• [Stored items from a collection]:
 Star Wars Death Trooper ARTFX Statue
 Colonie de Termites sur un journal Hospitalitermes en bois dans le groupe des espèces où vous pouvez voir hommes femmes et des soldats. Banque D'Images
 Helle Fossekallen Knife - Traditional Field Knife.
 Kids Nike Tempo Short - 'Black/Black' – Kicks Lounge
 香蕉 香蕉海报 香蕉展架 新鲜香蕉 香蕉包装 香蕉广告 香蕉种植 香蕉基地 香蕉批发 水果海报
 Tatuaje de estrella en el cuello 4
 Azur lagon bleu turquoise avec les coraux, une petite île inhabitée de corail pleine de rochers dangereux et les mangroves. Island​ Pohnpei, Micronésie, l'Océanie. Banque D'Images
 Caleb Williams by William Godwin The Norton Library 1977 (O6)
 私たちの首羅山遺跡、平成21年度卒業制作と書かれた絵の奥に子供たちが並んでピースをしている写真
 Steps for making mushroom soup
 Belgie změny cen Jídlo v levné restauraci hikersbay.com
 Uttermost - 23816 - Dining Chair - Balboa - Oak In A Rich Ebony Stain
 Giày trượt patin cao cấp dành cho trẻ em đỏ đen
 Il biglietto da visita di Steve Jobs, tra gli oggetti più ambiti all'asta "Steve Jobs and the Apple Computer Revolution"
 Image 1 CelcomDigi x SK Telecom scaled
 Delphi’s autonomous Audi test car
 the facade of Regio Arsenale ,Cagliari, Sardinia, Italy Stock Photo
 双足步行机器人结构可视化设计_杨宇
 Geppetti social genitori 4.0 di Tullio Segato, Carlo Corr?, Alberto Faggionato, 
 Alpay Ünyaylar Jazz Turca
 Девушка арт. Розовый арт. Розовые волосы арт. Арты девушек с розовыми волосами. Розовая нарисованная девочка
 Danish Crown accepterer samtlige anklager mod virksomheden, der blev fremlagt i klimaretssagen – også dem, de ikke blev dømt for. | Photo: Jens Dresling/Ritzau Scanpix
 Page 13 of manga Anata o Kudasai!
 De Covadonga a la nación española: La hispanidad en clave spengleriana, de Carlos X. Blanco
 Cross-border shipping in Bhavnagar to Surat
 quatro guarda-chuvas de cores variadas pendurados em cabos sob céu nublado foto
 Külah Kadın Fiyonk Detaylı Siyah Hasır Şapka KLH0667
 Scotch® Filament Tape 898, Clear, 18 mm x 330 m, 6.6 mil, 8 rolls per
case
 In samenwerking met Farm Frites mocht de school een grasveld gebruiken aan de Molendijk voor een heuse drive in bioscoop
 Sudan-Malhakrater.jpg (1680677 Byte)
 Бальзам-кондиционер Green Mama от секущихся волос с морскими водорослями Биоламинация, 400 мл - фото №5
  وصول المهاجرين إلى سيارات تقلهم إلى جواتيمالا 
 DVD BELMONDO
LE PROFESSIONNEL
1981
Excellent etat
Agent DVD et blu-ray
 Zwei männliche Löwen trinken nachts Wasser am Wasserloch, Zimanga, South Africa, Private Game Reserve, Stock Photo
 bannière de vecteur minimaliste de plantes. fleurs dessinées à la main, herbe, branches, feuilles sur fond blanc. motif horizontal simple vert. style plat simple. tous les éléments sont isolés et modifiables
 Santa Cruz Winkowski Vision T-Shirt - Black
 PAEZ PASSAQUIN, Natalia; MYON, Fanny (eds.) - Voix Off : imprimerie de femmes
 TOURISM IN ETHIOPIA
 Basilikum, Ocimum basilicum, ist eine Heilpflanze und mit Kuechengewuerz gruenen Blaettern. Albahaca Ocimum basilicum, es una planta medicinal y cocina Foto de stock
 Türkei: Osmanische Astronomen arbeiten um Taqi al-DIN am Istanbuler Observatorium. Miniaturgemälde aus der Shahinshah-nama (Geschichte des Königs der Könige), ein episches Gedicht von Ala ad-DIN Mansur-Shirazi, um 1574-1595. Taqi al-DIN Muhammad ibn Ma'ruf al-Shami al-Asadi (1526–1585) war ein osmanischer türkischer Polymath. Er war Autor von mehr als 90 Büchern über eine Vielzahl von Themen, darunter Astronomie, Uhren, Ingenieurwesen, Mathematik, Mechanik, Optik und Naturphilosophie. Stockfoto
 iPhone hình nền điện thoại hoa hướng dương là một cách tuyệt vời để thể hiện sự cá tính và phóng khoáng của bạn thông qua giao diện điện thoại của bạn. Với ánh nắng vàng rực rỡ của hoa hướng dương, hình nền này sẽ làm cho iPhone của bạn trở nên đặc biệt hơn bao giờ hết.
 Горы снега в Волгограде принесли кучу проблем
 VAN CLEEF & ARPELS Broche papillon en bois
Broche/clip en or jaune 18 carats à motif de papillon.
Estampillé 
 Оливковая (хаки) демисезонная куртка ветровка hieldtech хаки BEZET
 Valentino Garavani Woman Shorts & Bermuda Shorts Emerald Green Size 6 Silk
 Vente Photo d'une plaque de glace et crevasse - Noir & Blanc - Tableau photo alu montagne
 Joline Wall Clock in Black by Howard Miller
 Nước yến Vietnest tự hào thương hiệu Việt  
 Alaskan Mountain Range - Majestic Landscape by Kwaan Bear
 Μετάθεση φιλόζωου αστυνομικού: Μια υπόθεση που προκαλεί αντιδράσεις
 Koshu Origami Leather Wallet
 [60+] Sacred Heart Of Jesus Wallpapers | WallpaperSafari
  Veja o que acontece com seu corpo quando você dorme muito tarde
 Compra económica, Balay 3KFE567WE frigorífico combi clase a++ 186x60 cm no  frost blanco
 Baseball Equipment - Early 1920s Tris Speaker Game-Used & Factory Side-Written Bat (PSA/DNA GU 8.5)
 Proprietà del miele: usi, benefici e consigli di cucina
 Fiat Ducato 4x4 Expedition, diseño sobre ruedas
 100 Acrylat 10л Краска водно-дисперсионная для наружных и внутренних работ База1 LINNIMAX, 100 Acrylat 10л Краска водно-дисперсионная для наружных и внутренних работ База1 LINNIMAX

• [What you should do]: Please reproduce the records exactly, without leaving any out.

• [Response below]:
 Star Wars Death Trooper ARTFX Statue
 Colonie de Termites sur un journal Hospitalitermes en bois dans le groupe des espèces où vous pouvez voir hommes femmes et des soldats. Banque D'Images
 Helle Fossekallen Knife - Traditional Field Knife.
 Kids Nike Tempo Short - 'Black/Black' – Kicks Lounge
 香蕉 香蕉海报 香蕉展架 新鲜香蕉 香蕉包装 香蕉广告 香蕉种植 香蕉基地 香蕉批发 水果海报
 Tatuaje de estrella en el cuello 4
 Azur lagon bleu turquoise avec les coraux, une petite île inhabitée de corail pleine de rochers dangereux et les mangroves. Island​ Pohnpei, Micronésie, l'Océanie. Banque D'Images
 Caleb Williams by William Godwin The Norton Library 1977 (O6)
 私たちの首羅山遺跡、平成21年度卒業制作と書かれた絵の奥に子供たちが並んでピースをしている写真
 Steps for making mushroom soup
 Belgie změny cen Jídlo v levné restauraci hikersbay.com
 Uttermost - 23816 - Dining Chair - Balboa - Oak In A Rich Ebony Stain
 Giày trượt patin cao cấp dành cho trẻ em đỏ đen
 Il biglietto da visita di Steve Jobs, tra gli oggetti più ambiti all'asta "Steve Jobs and the Apple Computer Revolution"
 Image 1 CelcomDigi x SK Telecom scaled
 Delphi’s autonomous Audi test car
 the facade of Regio Arsenale ,Cagliari, Sardinia, Italy Stock Photo
 双足步行机器人结构可视化设计_杨宇
 Geppetti social genitori 4.0 di Tullio Segato, Carlo Corr?, Alberto Faggionato, 
 Alpay Ünyaylar Jazz Turca
 Девушка арт. Розовый арт. Розовые волосы арт. Арты девушек с розовыми волосами. Розовая нарисованная девочка
 Danish Crown accepterer samtlige anklager mod virksomheden, der blev fremlagt i klimaretssagen – også dem, de ikke blev dømt for. | Photo: Jens Dresling/Ritzau Scanpix
 Page 13 of manga Anata o Kudasai!
 De Covadonga a la nación española: La hispanidad en clave spengleriana, de Carlos X. Blanco
 Cross-border shipping in Bhavnagar to Surat
 quatro guarda-chuvas de cores variadas pendurados em cabos sob céu nublado foto
 Külah Kadın Fiyonk Detaylı Siyah Hasır Şapka KLH0667
 Scotch® Filament Tape 898, Clear, 18 mm x 330 m, 6.6 mil, 8 rolls per
case
 In samenwerking met Farm Frites mocht de school een grasveld gebruiken aan de Molendijk voor een heuse drive in bioscoop
 Sudan-Malhakrater.jpg (1680677 Byte)
 Бальзам-кондиционер Green Mama от секущихся волос с морскими водорослями Биоламинация, 400 мл - фото №5
  وصول المهاجرين إلى سيارات تقلهم إلى جواتيمالا 
 DVD BELMONDO
LE PROFESSIONNEL
1981
Excellent etat
Agent DVD et blu-ray
 Zwei männliche Löwen trinken nachts Wasser am Wasserloch, Zimanga, South Africa, Private Game Reserve, Stock Photo
 bannière de vecteur minimaliste de plantes. fleurs dessinées à la main, herbe, branches, feuilles sur fond blanc. motif horizontal simple vert. style plat simple. tous les éléments sont isolés et modifiables
 Santa Cruz Winkowski Vision T-Shirt - Black
 PAEZ PASSAQUIN, Natalia; MYON, Fanny (eds.) - Voix Off : imprimerie de femmes
 TOURISM IN ETHIOPIA
 Basilikum, Ocimum basilicum, ist eine Heilpflanze und mit Kuechengewuerz gruenen Blaettern. Albahaca Ocimum basilicum, es una planta medicinal y cocina Foto de stock
 Türkei: Osmanische Astronomen arbeiten um Taqi al-DIN am Istanbuler Observatorium. Miniaturgemälde aus der Shahinshah-nama (Geschichte des Königs der Könige), ein episches Gedicht von Ala ad-DIN Mansur-Shirazi, um 1574-1595. Taqi al-DIN Muhammad ibn Ma'ruf al-Shami al-Asadi (1526–1585) war ein osmanischer türkischer Polymath. Er war Autor von mehr als 90 Büchern über eine Vielzahl von Themen, darunter Astronomie, Uhren, Ingenieurwesen, Mathematik, Mechanik, Optik und Naturphilosophie. Stockfoto
 iPhone hình nền điện thoại hoa hướng dương là một cách tuyệt vời để thể hiện sự cá tính và phóng khoáng của bạn thông qua giao diện điện thoại của bạn. Với ánh nắng vàng rực rỡ của hoa hướng dương, hình nền này sẽ làm cho iPhone của bạn trở nên đặc biệt hơn bao giờ hết.
 Горы снега в Волгограде принесли кучу проблем
 VAN CLEEF & ARPELS Broche papillon en bois
Broche/clip en or jaune 18 carats à motif de papillon.
Estampillé 
 Оливковая (хаки) демисезонная куртка ветровка hieldtech хаки BEZET
 Valentino Garavani Woman Shorts & Bermuda Shorts Emerald Green Size 6 Silk
 Vente Photo d'une plaque de glace et crevasse - Noir & Blanc - Tableau photo alu montagne
 Joline Wall Clock in Black by Howard Miller
 Nước yến Vietnest tự hào thương hiệu Việt  
 Alaskan Mountain Range - Majestic Landscape by Kwaan Bear
 Μετάθεση φιλόζωου αστυνομικού: Μια υπόθεση που προκαλεί αντιδράσεις
 Koshu Origami Leather Wallet
 [60+] Sacred Heart Of Jesus Wallpapers | WallpaperSafari
  Veja o que acontece com seu corpo quando você dorme muito tarde
 Compra económica, Balay 3KFE567WE frigorífico combi clase a++ 186x60 cm no  frost blanco
 Baseball Equipment - Early 1920s Tris Speaker Game-Used & Factory Side-Written Bat (PSA/DNA GU 8.5)
 Proprietà del miele: usi, benefici e consigli di cucina
 Fiat Ducato 4x4 Expedition, diseño sobre ruedas
 100 Acrylat 10л Краска водно-дисперсионная для наружных и внутренних работ База1 LINNIMAX, 100 Acrylat 10л Краска водно-дисперсионная для наружных и внутренних работ База1 LINNIMAX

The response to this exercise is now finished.